You know after parking the car for 21 days, we finally followed the flock in converting its system to natural gas!! Yes, natural gas. They have this system in Gaza now that enables cars to change from Benzene to natural gas. Only Diesel is allowed as a type of fuel, which is generally used for taxis, buses and public transportation, and this leaves private cars, like ours, stopped. Benzene was not permitted into Gaza with enough quantities since more than a month now. The quantities that get in, are hardly sufficient for ambulances!

After, I don’t know how many arguments with my husband, who just misses using the car, I said “you know what, do as you please “. So like the majority of Gaza private cars, our relatively new car is moving on natural gas and has a gas cylinder inside!!! Is it safe? May be not. Is it environment friendly? I have no clue. Is it throat soring and chest paining? Absolutely …I will repeat a sentence that I wrote before.”Living in Gaza is that art of dealing with alternatives and Gazans are mastering this art to the point that coping mechanisms become pathetic “. Am I afraid that somebody should hit the car from behind whilst driving with the kids …of course I am.

I would just like to make it clear here that discussing such a problem in front of any Gazan citizen, as a problem, will make him/her laugh because it is the least of anybody’s worries -and also because safety had become a luxury. We are at Maslow’s first stage of the hierarchy of needs (food and shelter), remember? So my friends you are all blessed that you can just drive to gas stations....it is dignifying believe me!!!

Monday, March 10, 2008

On International Women’s Day..

I thought I should write something on the 8th of March occasion, which is the International Women’s Day. Every year, since I was in college and being a feminist, I try to pay some tribute to women through a couple of lines celebrating their strength and honoring their courage and commitment.

This year, however, images of women whom I met throughout the year in all areas of the Gaza Strip, from Beit hanoun in the North to Rafah in the South, haunted me. I almost heard their sad desperate voices in my ear. As exaggerated as this may sound, it’s true. I can’t forget the woman in Rafah who said ” my kids’ school is a caravan that is very hot in summer and leaks rain in winter –Still I want my daughters to get educated to end up better than their mother” . I still remember the field worker who told me that in Jabalia in the North and in a very rainy day, she wished to leave the target family house quickly to be able to open her umbrella because inside the house she got soaked from rain coming through the ceiling! I also remember the woman in Nusseirat camp who said “ I am a divorced woman but I tell everybody that my husband is sick at home ..you know ..it is better this way . And yes the $150 I make now made all the difference because I can buy my kids school bags and uniforms now “.

Of course, I also met women who are sick and can't leave Gaza for treatment, Masters students who can’t leave to continue their education, and the happiness I saw in a heart disease patient’s eyes, who found out that her medicine was permitted to enter the Strip which means that she is not going to suffer anymore, left me struck with how pain and suffering can be personified all around. It is a grim truth that almost eats up one’s soul; I am helpless!

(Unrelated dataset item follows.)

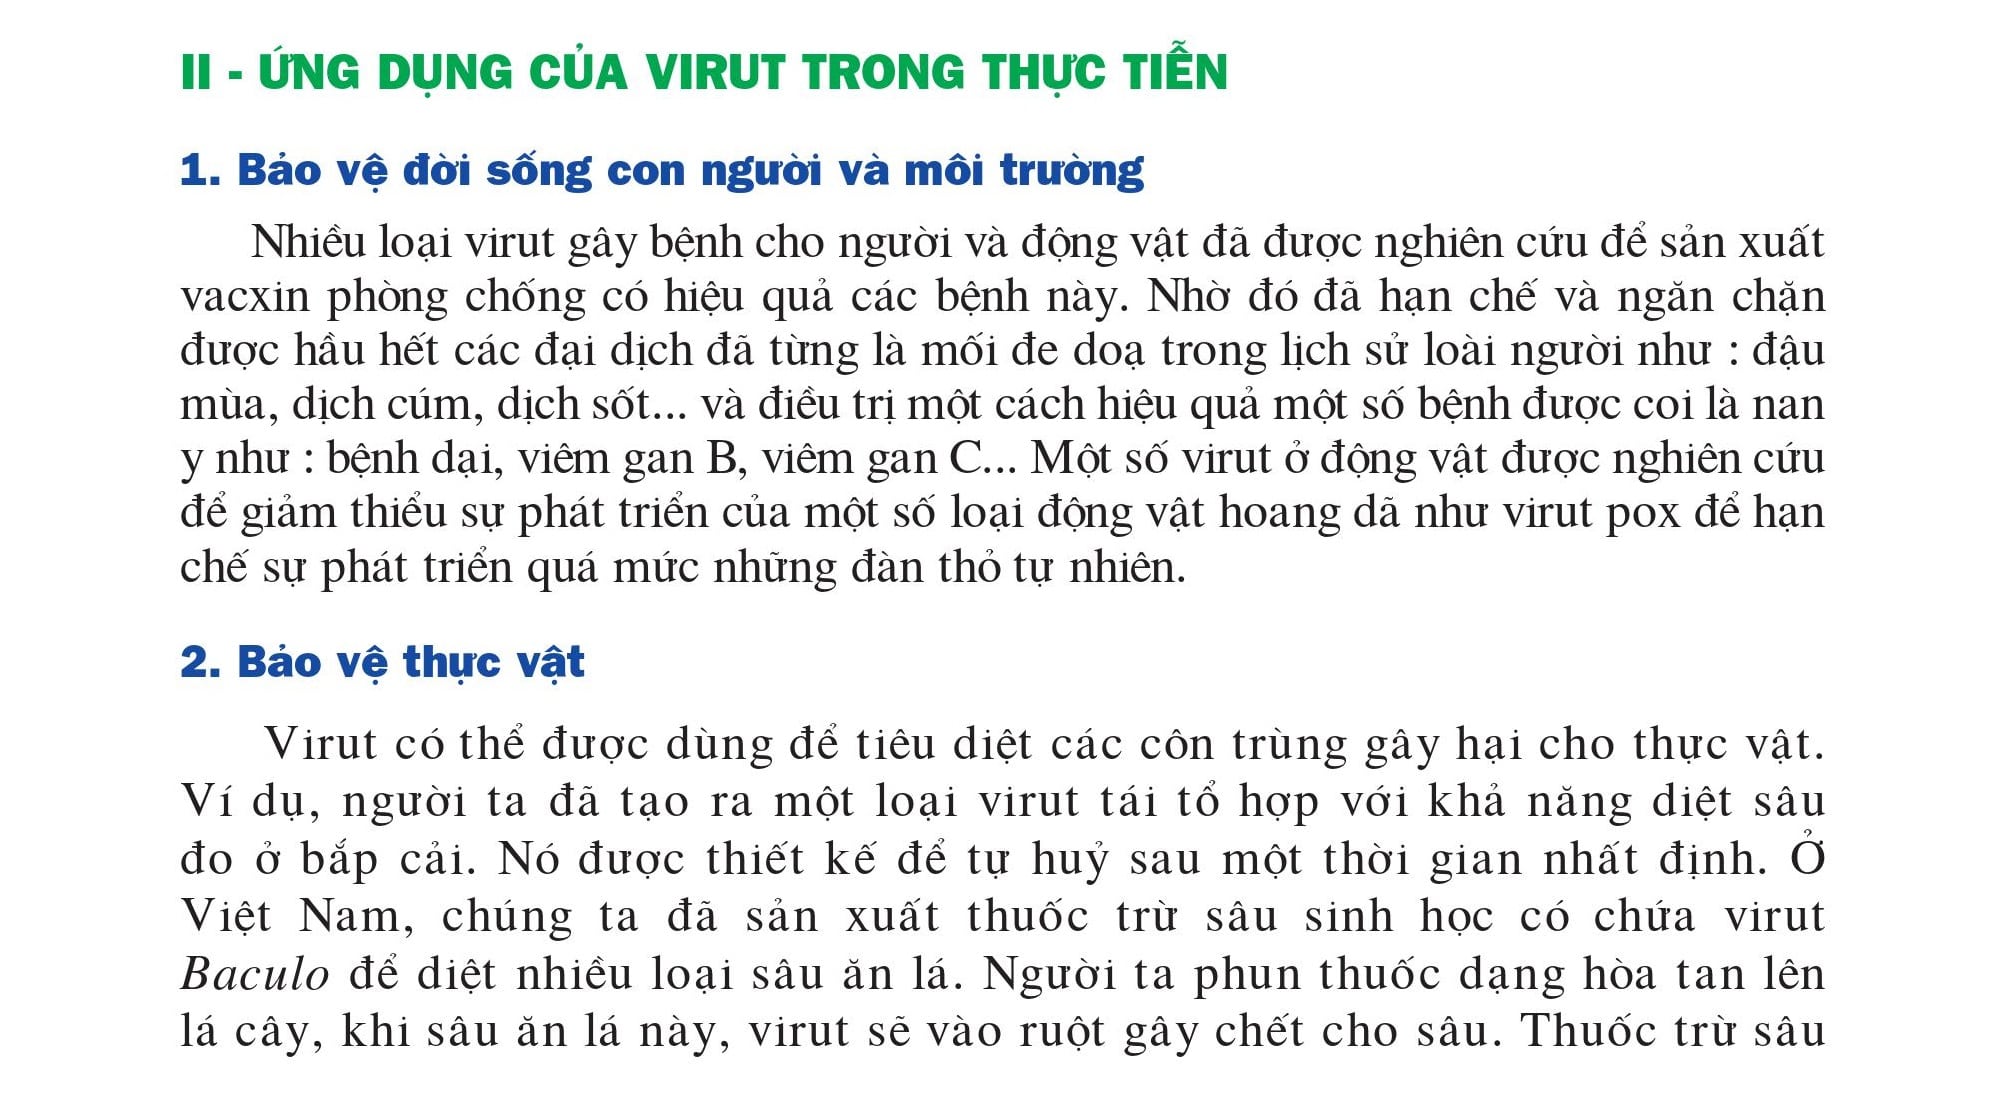 Ứng dụng của virut trong thực tiễn - https://vh2.com.vn - Networks Business Online Việt Nam & International VH2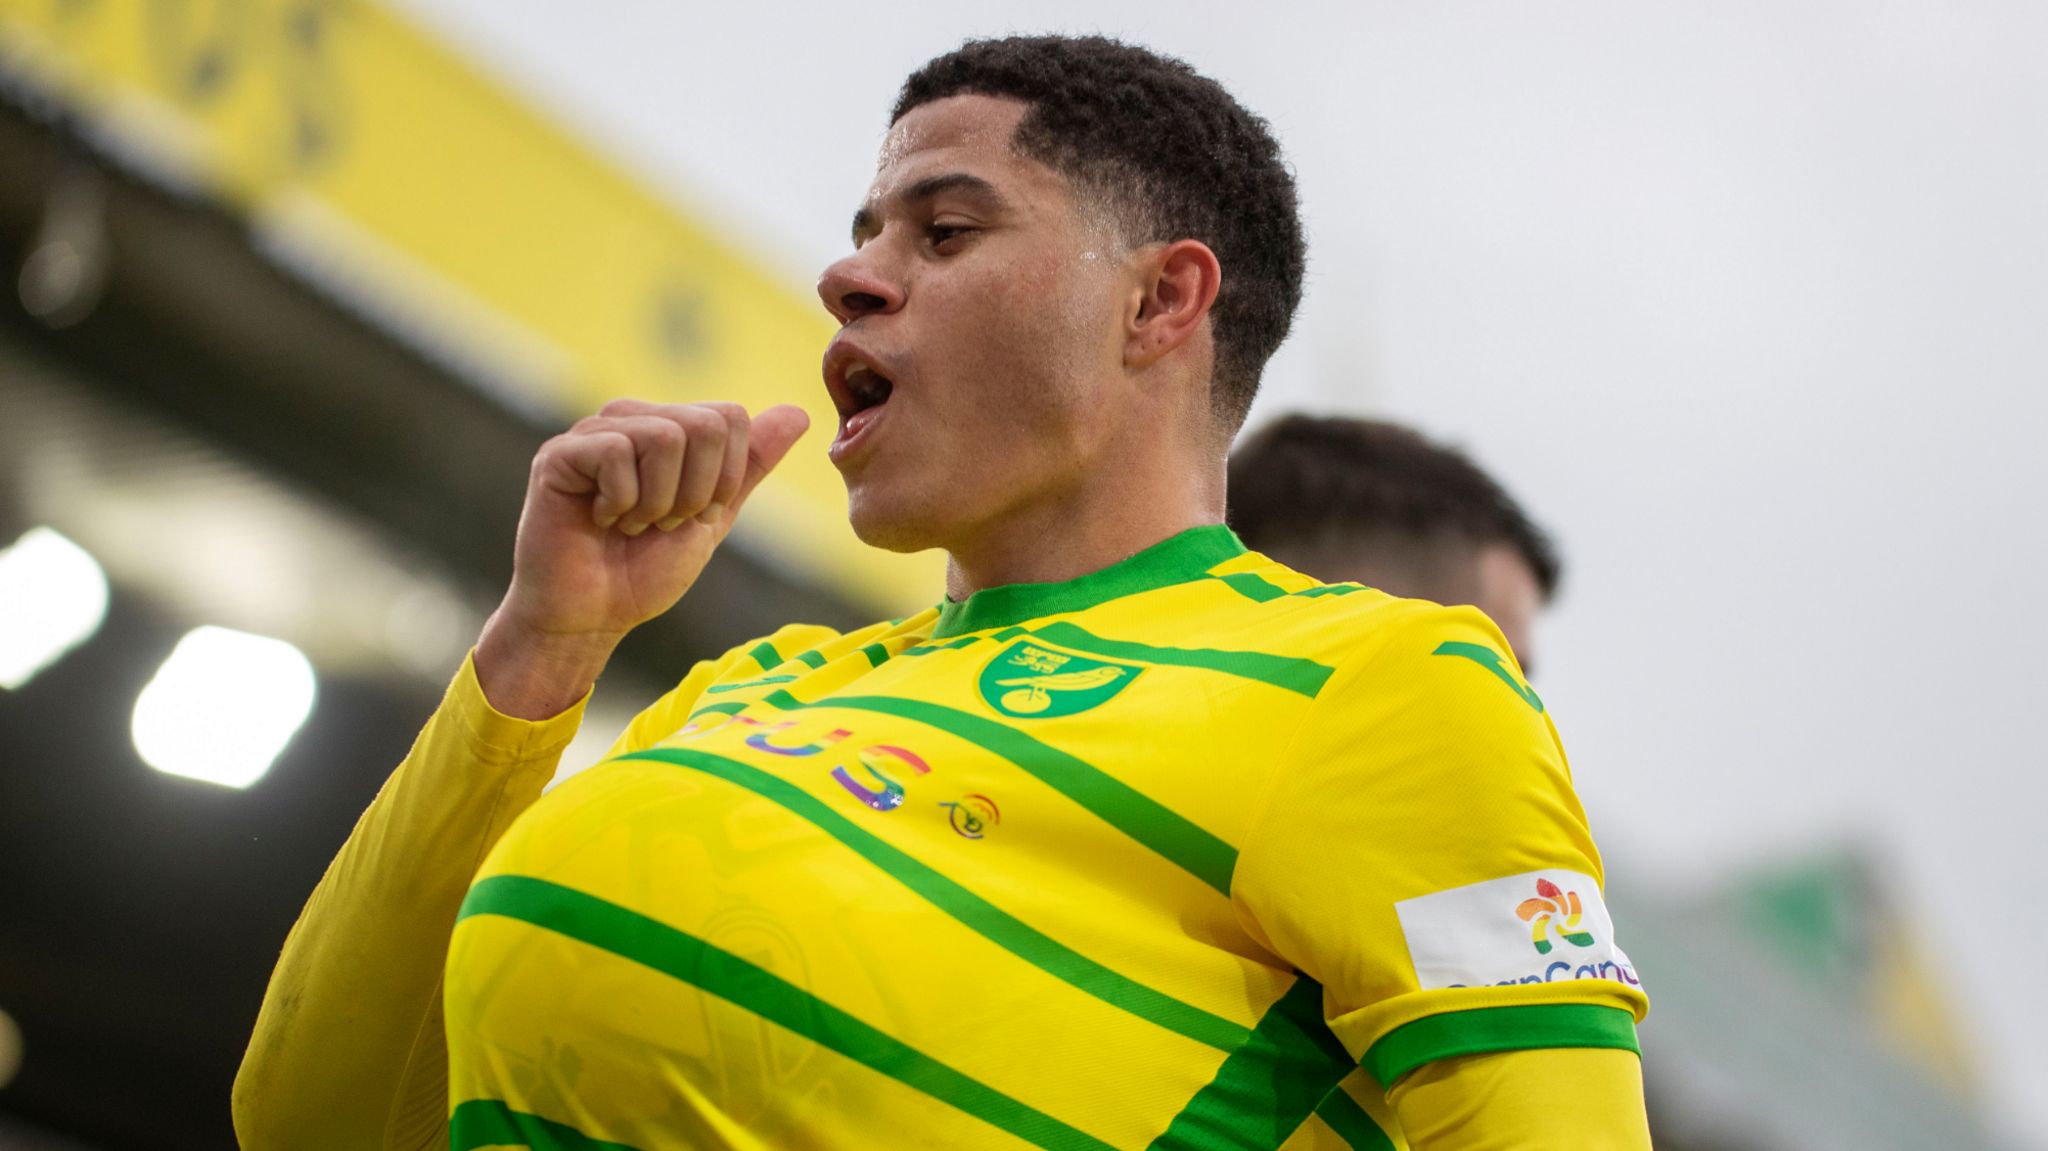 Norwich City's Gabriel Sara reveals reason behind celebration - BBC Sport

Today I remember the 120 families who lost beloved in the last Israeli operation in Gaza and I have to here wonder how many mothers, daughters, sisters these families did include. All of these women who mourned their losses turned overnight to a number, crying at night or not, wearing black or not, it doesn’t change anything of being forgotten and marginalized.

I don’t know of a single project or programme or intervention mechanism that can solve these women’s problems. I don’t think all the funding efforts can change their reality. You know why….? Because their problems are political situation bound. Gaza women, I bow for you!